Charité - Universitätsmedizin Berlin is hosting a new EU collaborative project. Funded via the European 'Horizon 2020 Framework Program for Research and Innovation', the project aims to improve both the prevention and treatment of stroke, and the patients' quality of life after stroke. It is hoped that computer-based predictive modeling will soon provide a means of personalizing and optimizing treatment strategies. The project, which is set to start in May, will be led by Dr. Dietmar Frey of Charité's Department of Neurosurgery.
Stroke is a major problem, and its impact is not limited to patients and their families. Aside from wide-ranging public health implications, stroke also has a considerable public health and socioeconomic impact. The aim of the PRECISE4Q project is to minimize the burden of stroke, both for the individual and for society. The project will collect large data sets from different sources, integrating them into self-learning computer models. The predictive computer models will allow to develop personalized prevention and treatment strategies for patients with stroke. Both the computer models and resulting treatment recommendations will be based on the needs of the individual patient. Rather than being limited to acute stroke treatment, these computer models will also address other treatment phases such as prevention, rehabilitation and reintegration. In addition to personalized coping strategies, they will also focus on supporting the patient's well-being and their reintegration into social and work life.
Using information obtained from a range of different sources, the researchers will collect clinical, physiological, genetic and biochemical information as well as medical imaging data. These data will undergo standardization and analysis for further use as structured data and will be used to design, train and test computer models. The generated predictive models are based on the concepts of artificial intelligence and, in particular, machine learning. The predictive capability and clinical precision will be validated with real clinical data generated by clinical studies and analyses of big data sets: health registries, cohort studies, health insurance data, electronic health records. The models will eventually be integrated into a comprehensive digital information platform, the 'Digital Stroke Patient Platform'. Intended as a clinical decision support system, this platform will help guide clinicians through the clinical decision-making process. Another aim of this project is the development of 'EUROPE-Stroke', an open research platform that will support the aggregation, integration and analysis of data as well as promoting the principles of 'Open Science' by supporting the dissemination of reproducible research results.

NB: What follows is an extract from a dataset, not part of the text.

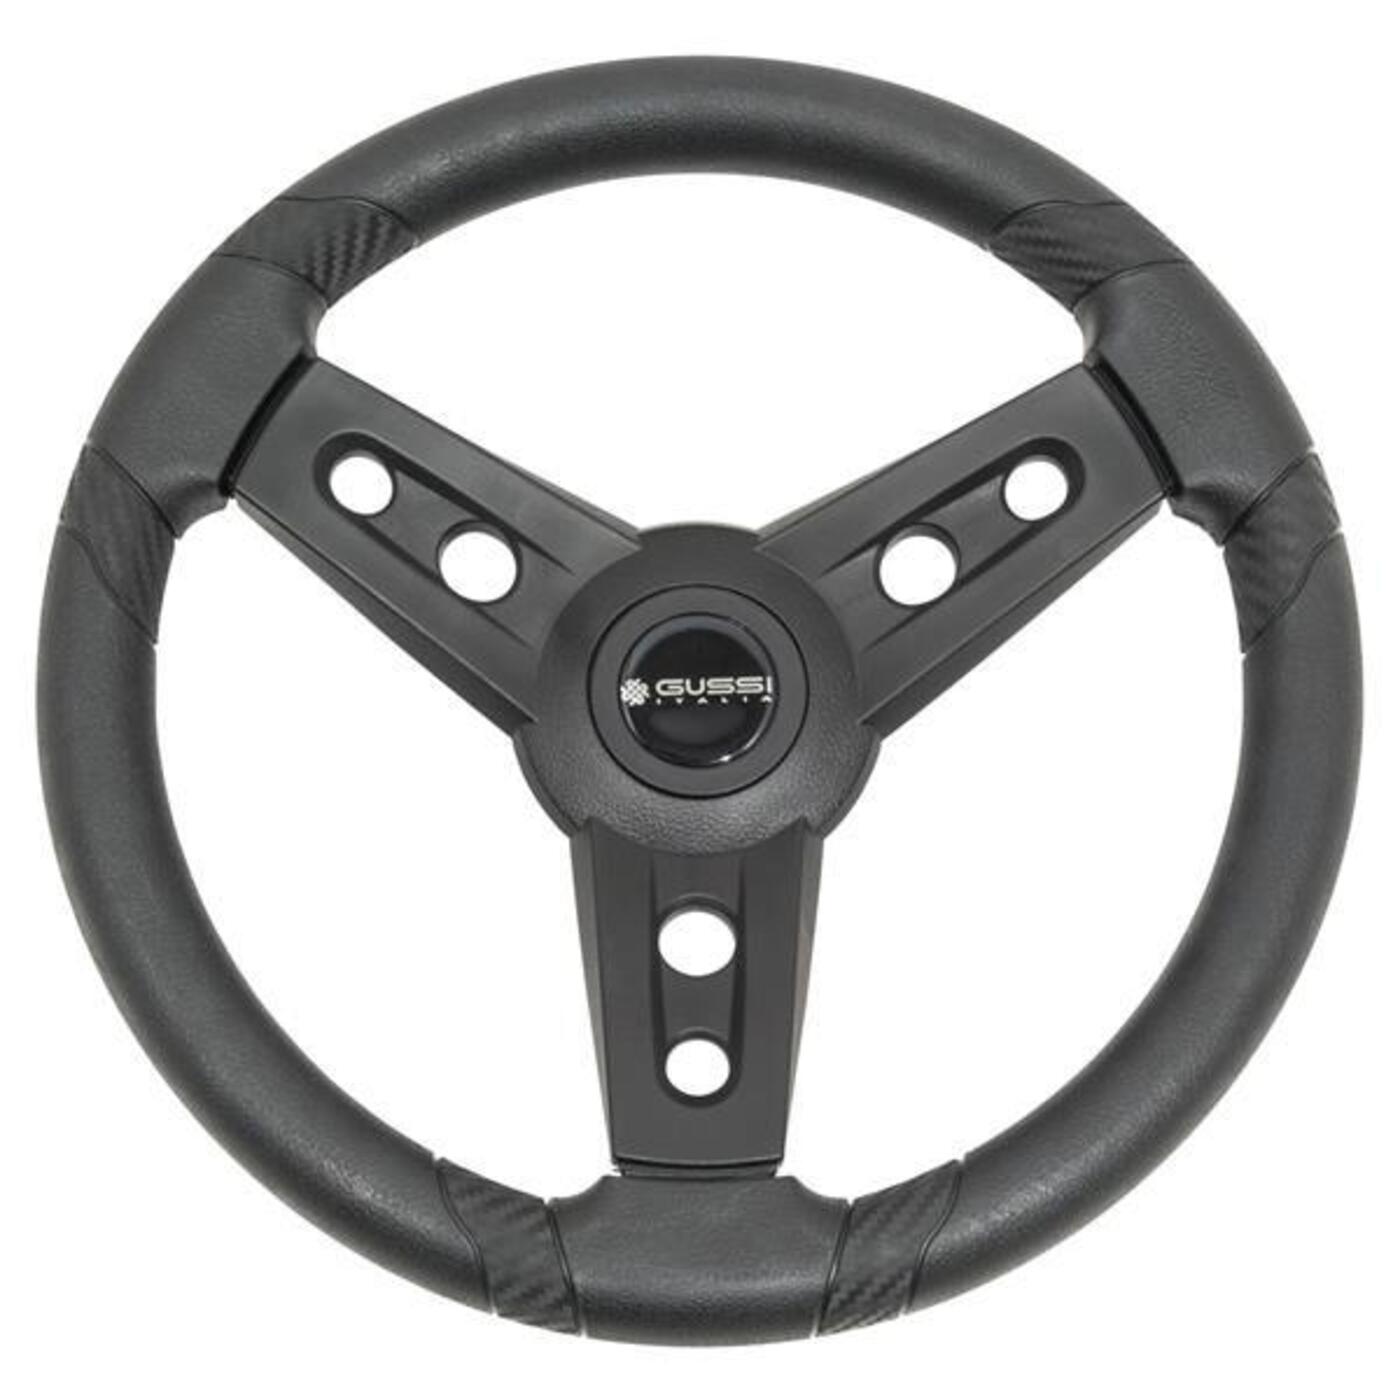 Gussi Italia Lugana Black Steering Wheel For All Club Car DS Models 06-118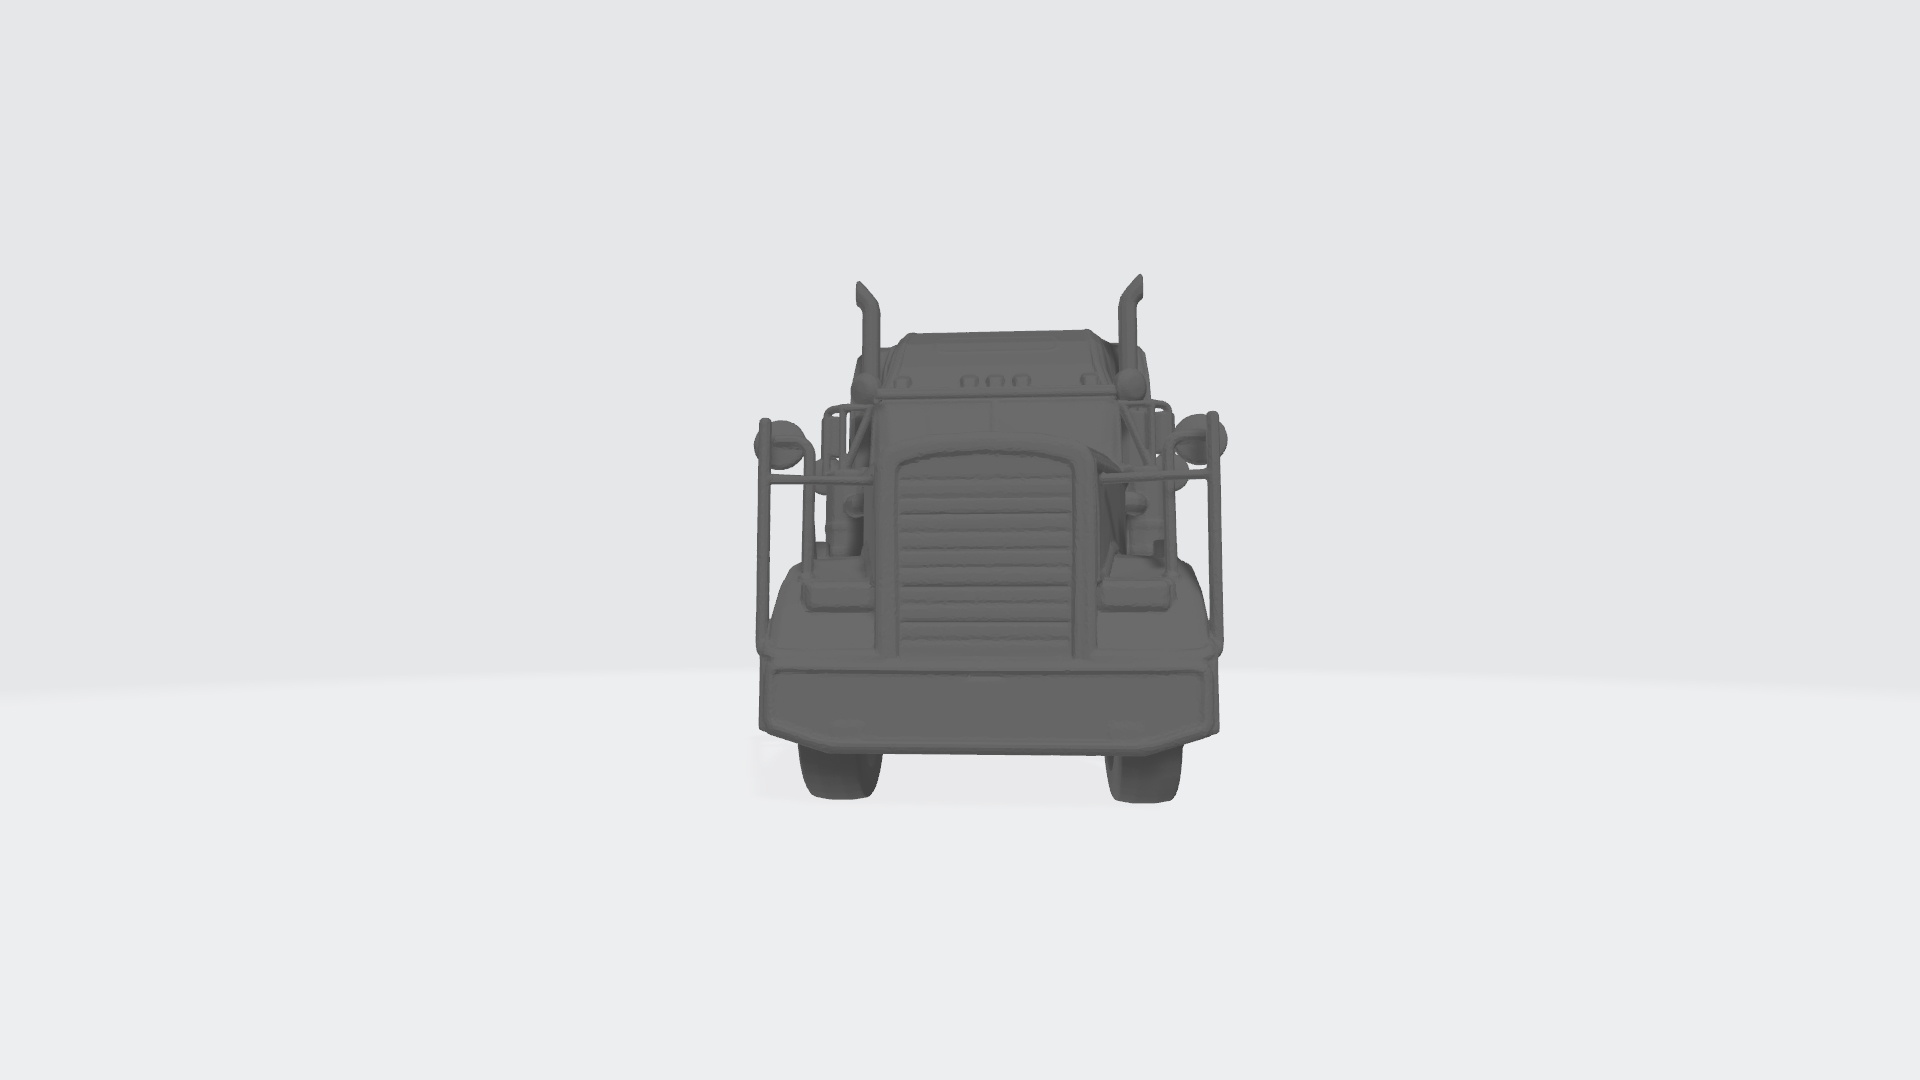 https://assets.pinshape.com/uploads/image/file/256739/3d-hauler-american-truck-model-ready-for-3d-printing-stl-file-3d-printing-256739.jpg

Dietmar Frey explains what we can expect from this EU collaborative project: "PRECISE4Q will provide a crucial impact towards personalized, targeted, and responsible use of digital data in medicine. In addition to being responsible for coordinating this cutting-edge European collaborative project, our interdisciplinary group will also have direct involvement in the development of the predictive models and in their validation through clinical studies. PRECISE4Q will have a clinically measurable and sustainable impact leading to better understanding of risk, health and resilience factors. We want to provide precise, personalized treatment strategies for all phases of the patient journey, that focus on the individual patients' quality of life as well as their privacy, data rights and autonomy."